Animal Crossing was effectively a new IP for the GameCube as the N64 game was never released in the West and even the Japanese game came out late in the N64's life cycle. So yeah, GameCube got a little benefit there, but it wasn't exactly a system seller at that time (2002). The GameCube was also almost a year old by the time it came out so it didn't even really help it in that crucial launch window period. 

Majora's Mask ... now that could have possibly impacted the GCN's fortunes early quite a bit, that's one of the greatest games ever made arguably and Perfect Dark would have been the best FPS (or one of them). 

N64 is just an anomaly in that I think it's a system that was legitimately popular (early N64 sales destroyed the Playstation's sales rate and N64 was THE hottest gift to get for 1996 other than the Tickle Me Elmo mega-craze), but it was crippled by one stupid design decision on Nintendo's part (to not accommodate CDs, especially when you could still have had a cartridge slot too). The fact that the N64 still sold the same as the SNES in North America and Europe despite having little 3rd party support and like a library only 1/4 the size of the SNES is pretty telling. If they had the 3rd party support they should have had (Final Fantasy exclusive, things like MGS, Resident Evil, Metal Gear Solid at worst multiplat) ... it would probably be the greatest Nintendo system. 

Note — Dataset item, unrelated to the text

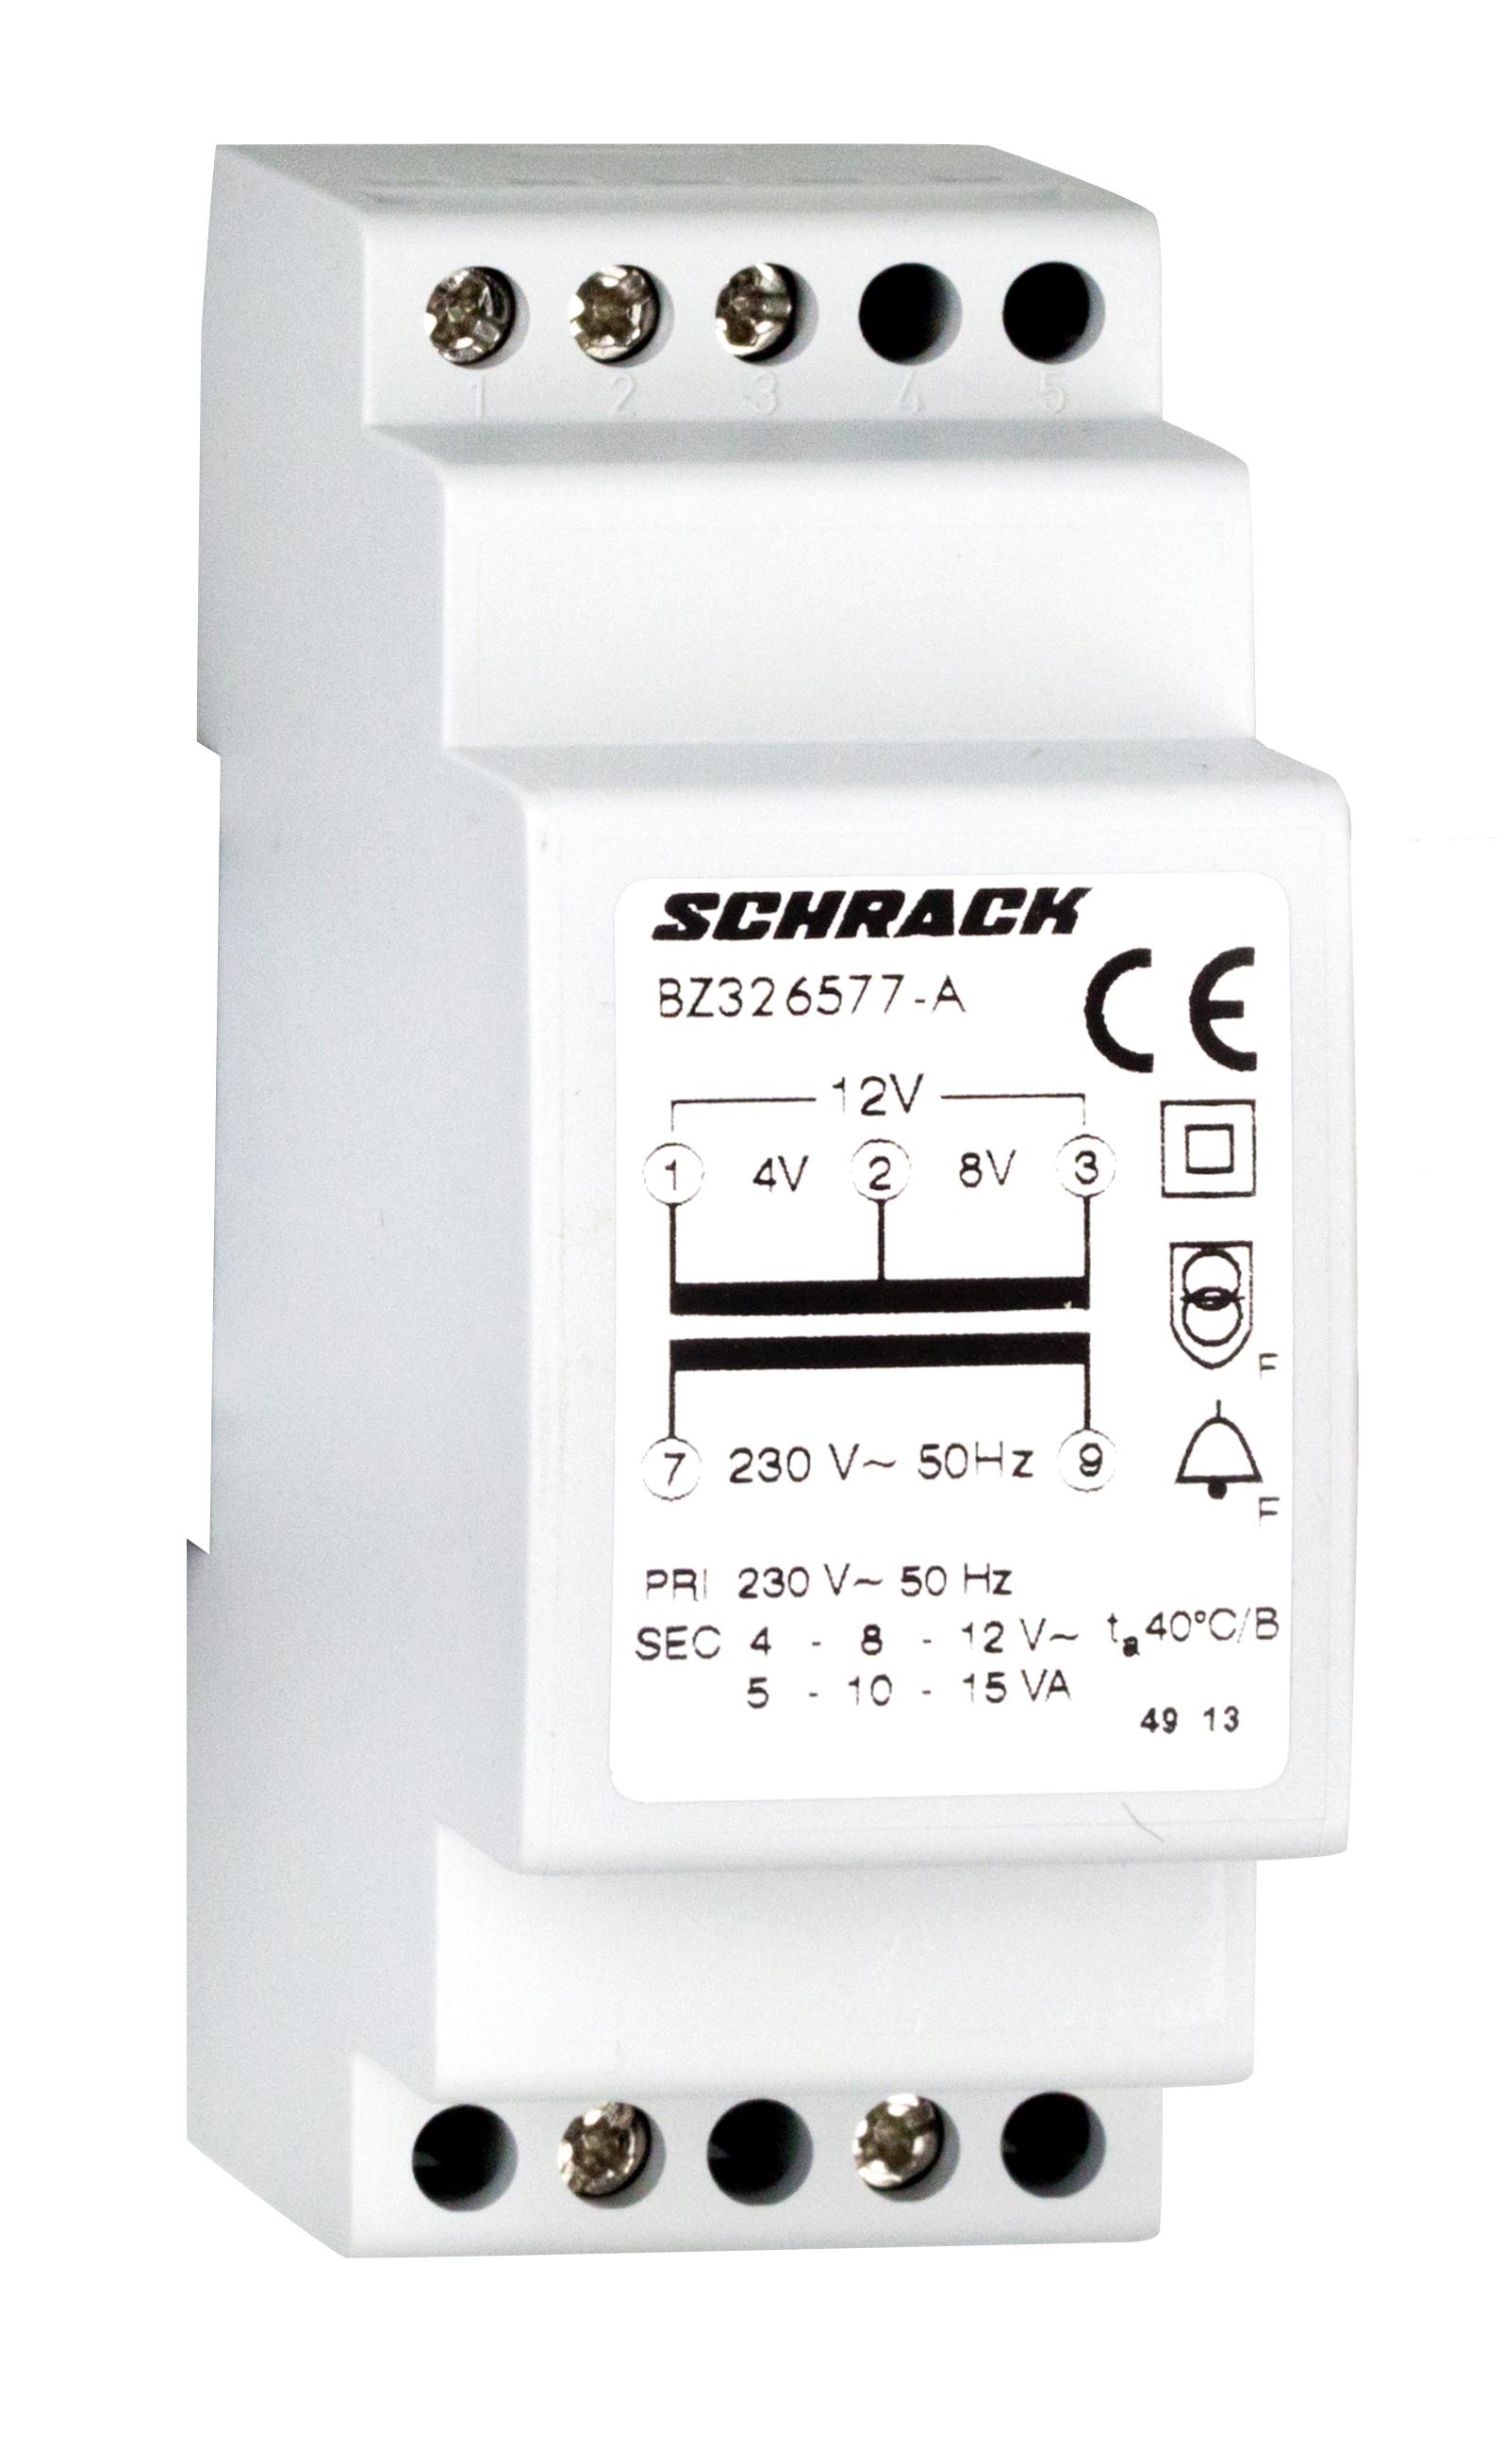 1 Stk RE-Klingeltrafo, 230VAC primär, 4/8/12VAC sekundär, 15VA BZ326577-A

The library it should have had would have been unbelievable.

AC was still a game from a prior platform which was your whole point but as shown this is nothing new AC also changed the way we looked at games, 2002 is also the launch year for PAL regions and ROW, GCN had WW, Melee and Prime in its first year it made little difference as the issues for the platform were much more fundamental.

There's a big difference between getting a Zelda or Mario Kart from a previous platform and some IP no one's ever heard of and has no established fan base.

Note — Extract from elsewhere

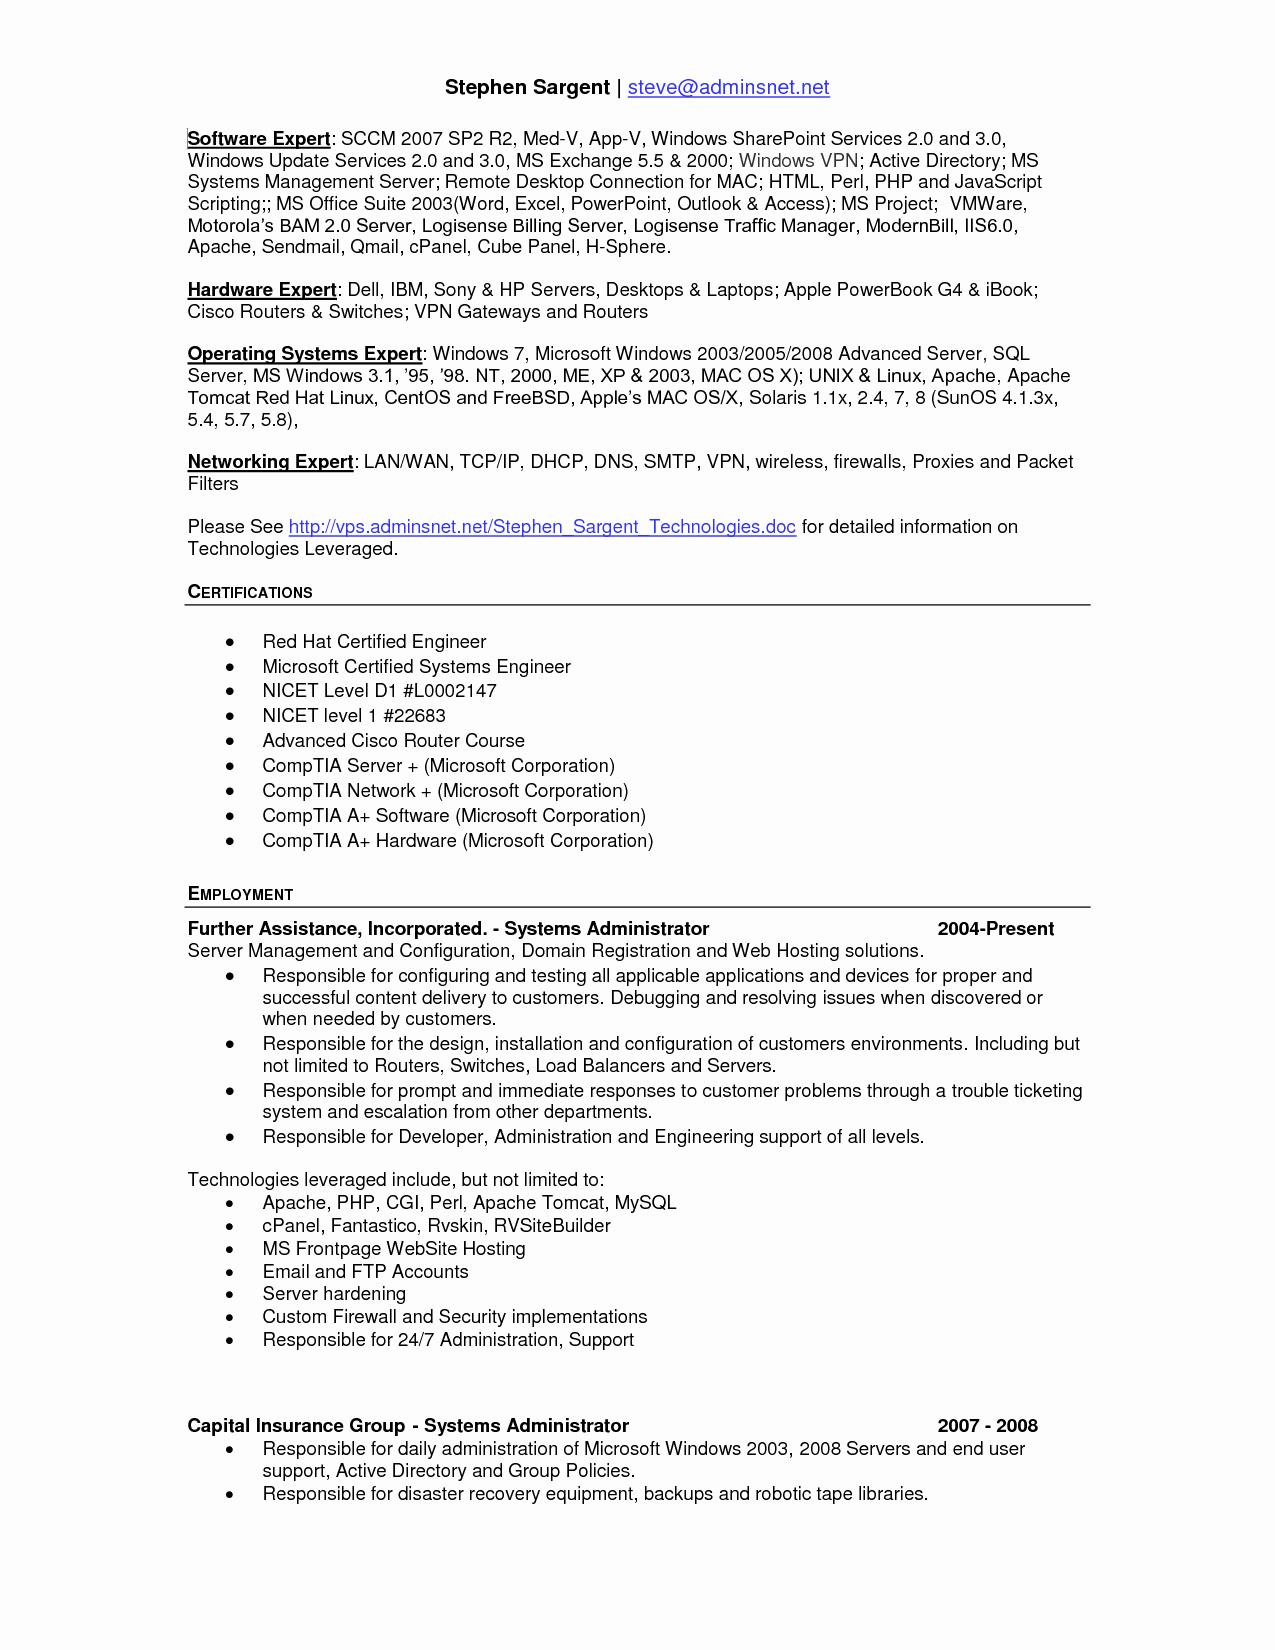 Resume Microsoft Word Mac Wwwomoalata Microsoft Fice

The first 6 months of a Nintendo system especially seem critical for the system's long term success, the GameCube was already on thin ice because at the time people expected a AAA brand new Mario game to launch with every Nintendo system. 

GCN had a bad drought from about Jan-May 2002, it never really recovered from that. 

The other mistake Nintendo made was simply launching that late to begin with, giving Sony an 18 month head start when they're already the established market leader from the previous generation was just game over. 

They should have launched in fall 2000 which was the original plan anyway and moved Zelda: Majora's Mask (didn't run on the N64 without the Expansion Pak), Perfect Dark (which barely ran on the N64 anyway), and perhaps Paper Mario as your 2000 launch.

Probably still wouldn't have beaten the PS2, but I think a full year head start over the XBox would've effectively iced the XBox out of the market and given Nintendo a more solid 40 million-ish range userbase for the GameCube as it would've been the defacto alternative to the PS2.